### [Problem requirements]
Without including any pictures, give back all of the data exactly.

### [Data segment]
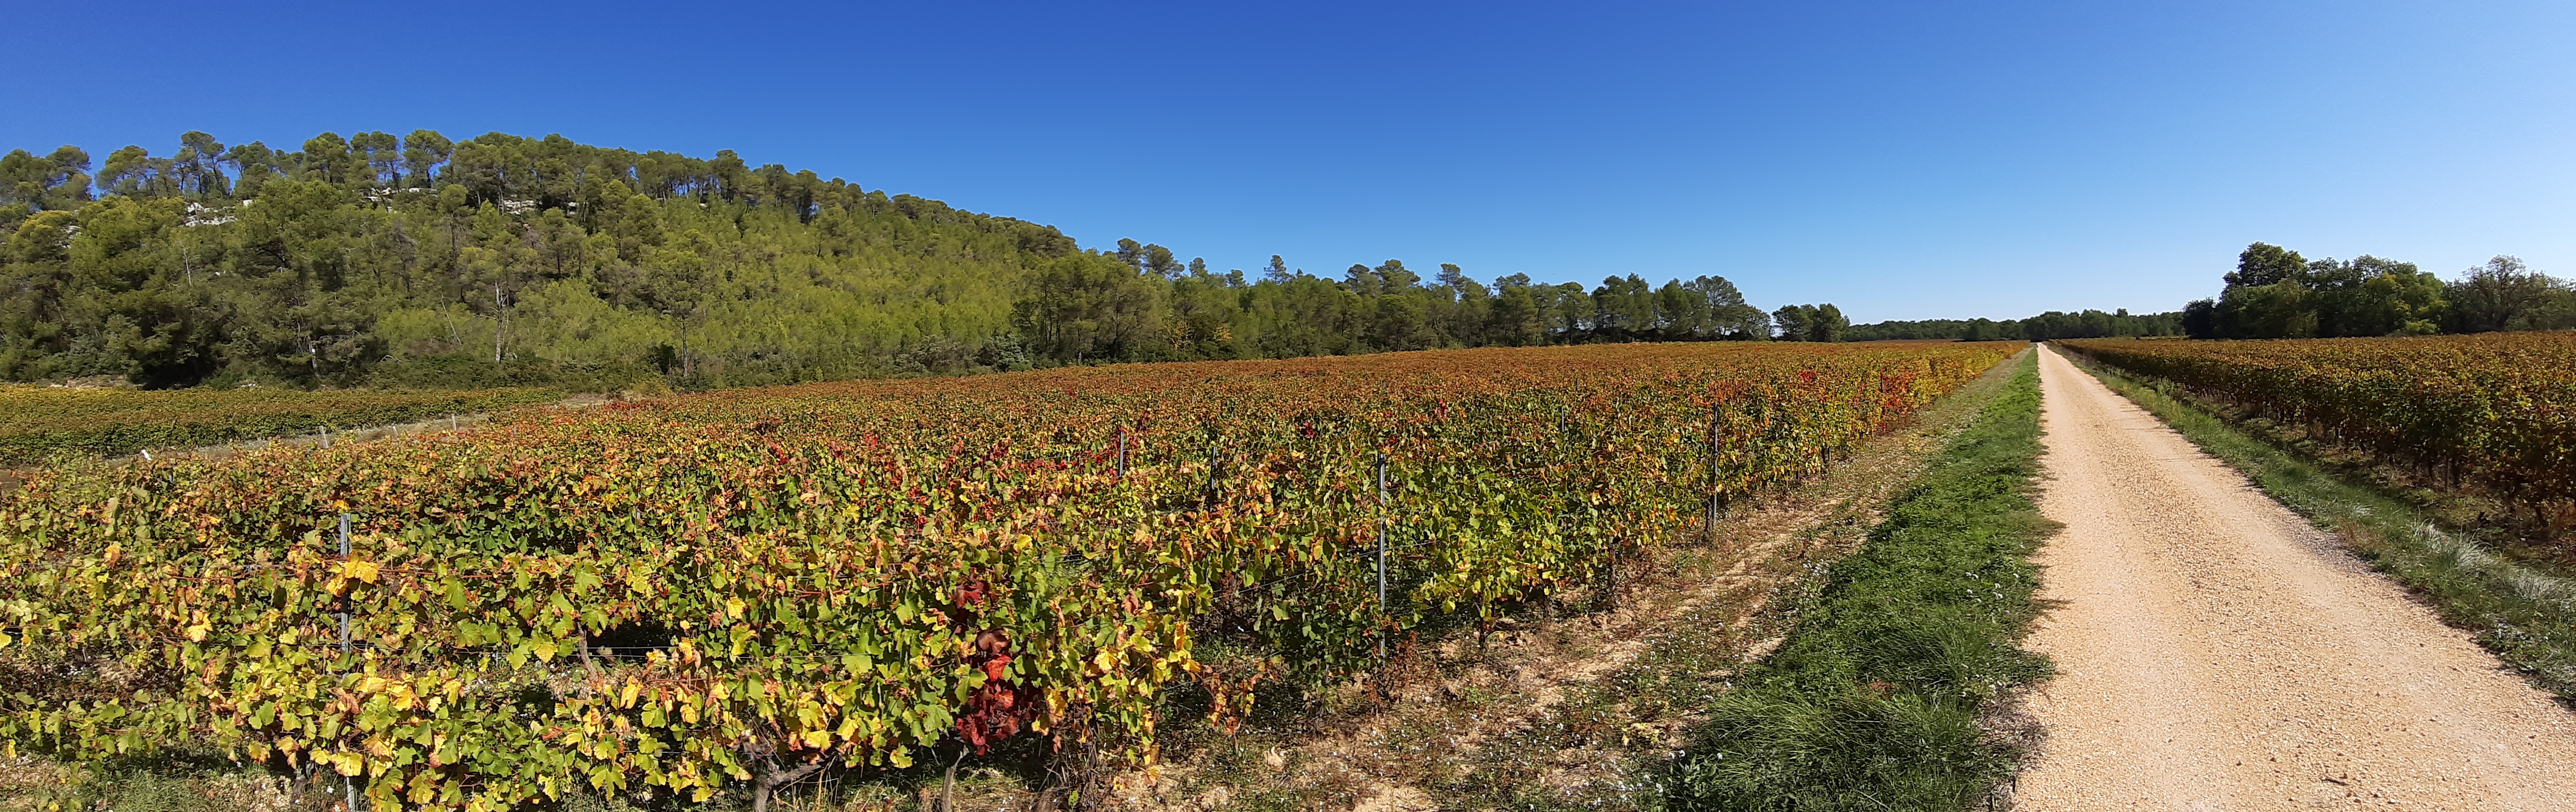 Le mémento viticole de l’automne
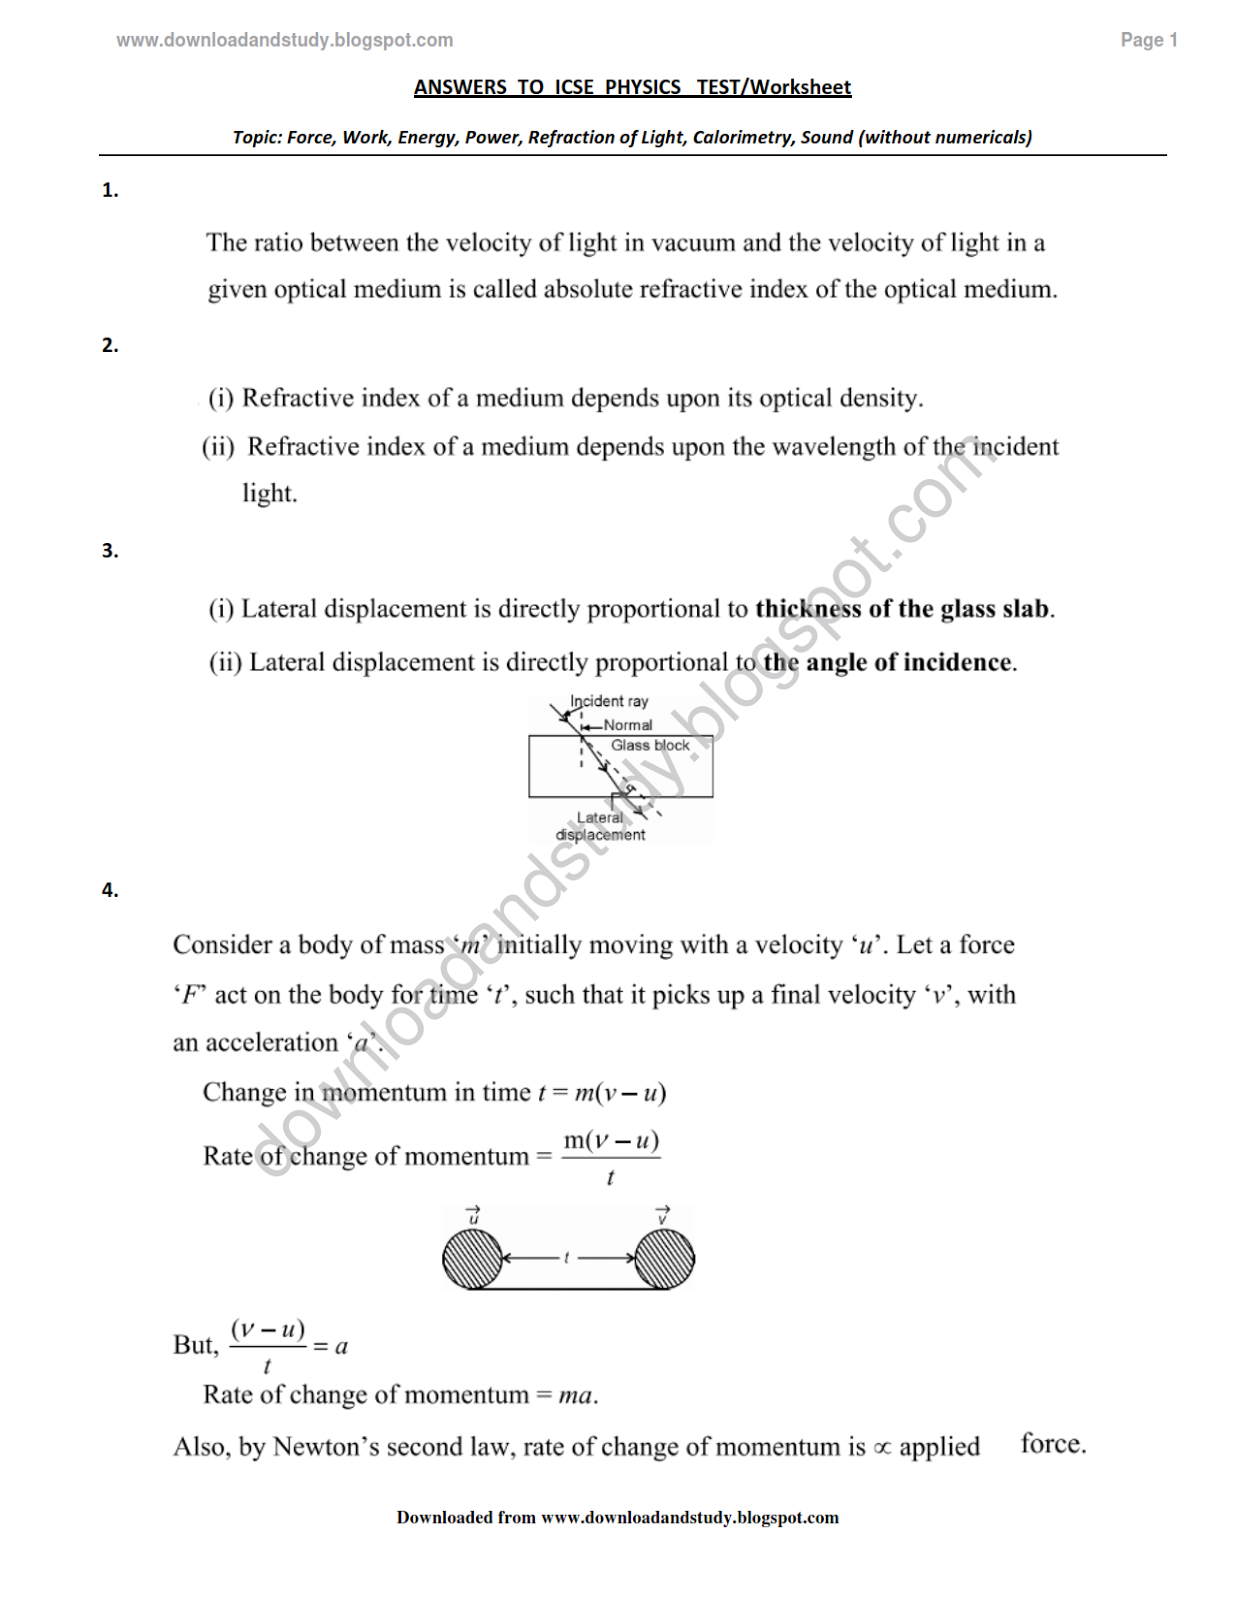 Physics Refraction Worksheet Image
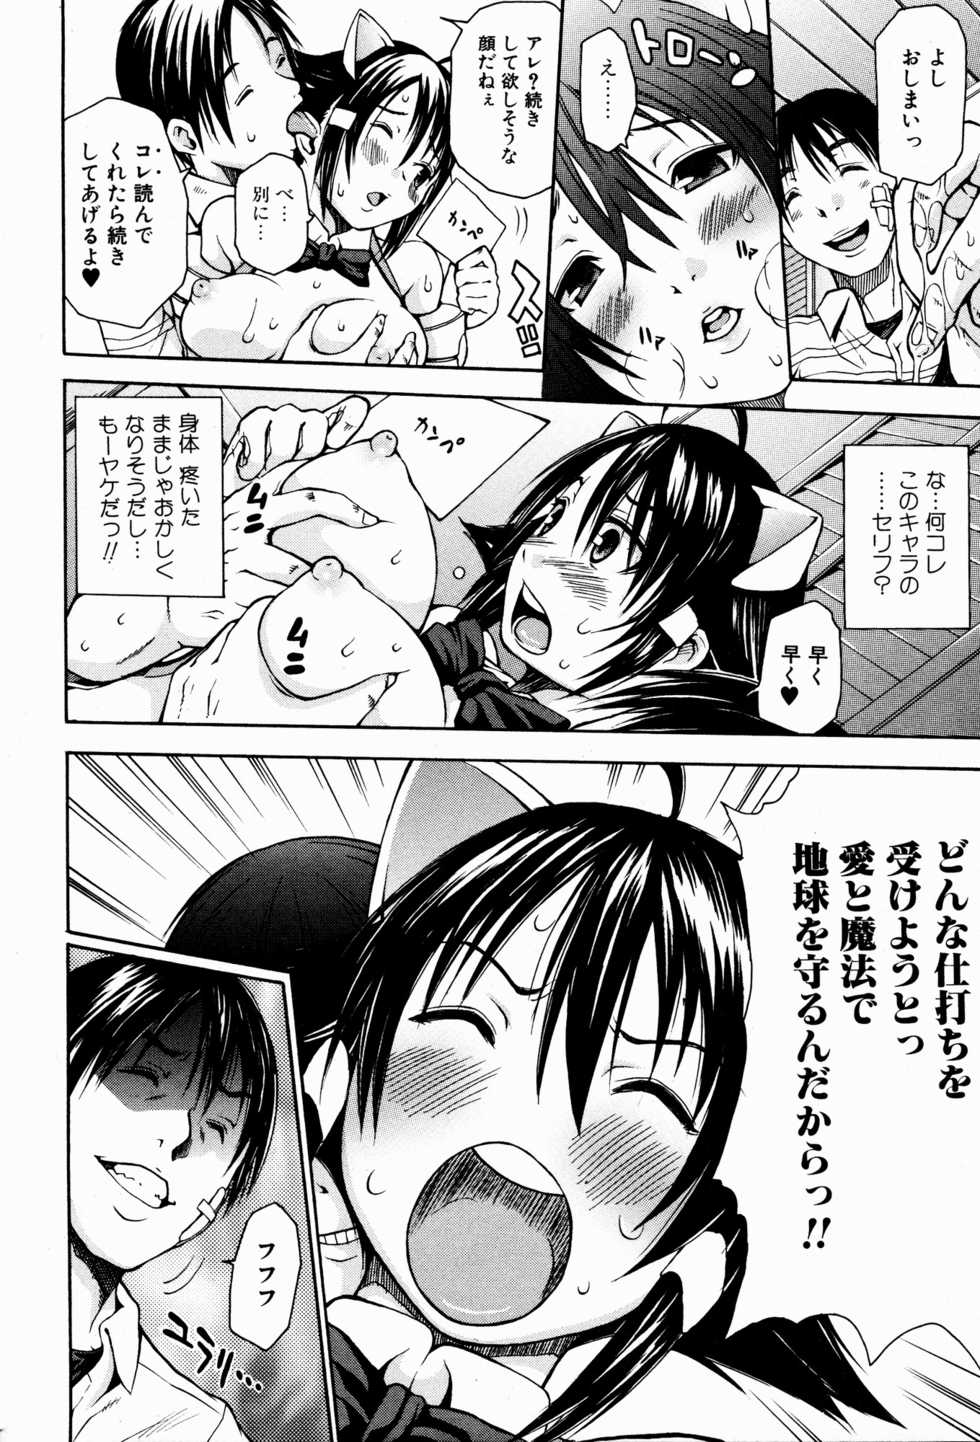 Bishoujo Kakumei KIWAME 2009-08 Vol. 3 - Page 20

### [Response for this exercise]
 Le mémento viticole de l’automne
 Physics Refraction Worksheet Image
 Bishoujo Kakumei KIWAME 2009-08 Vol. 3 - Page 20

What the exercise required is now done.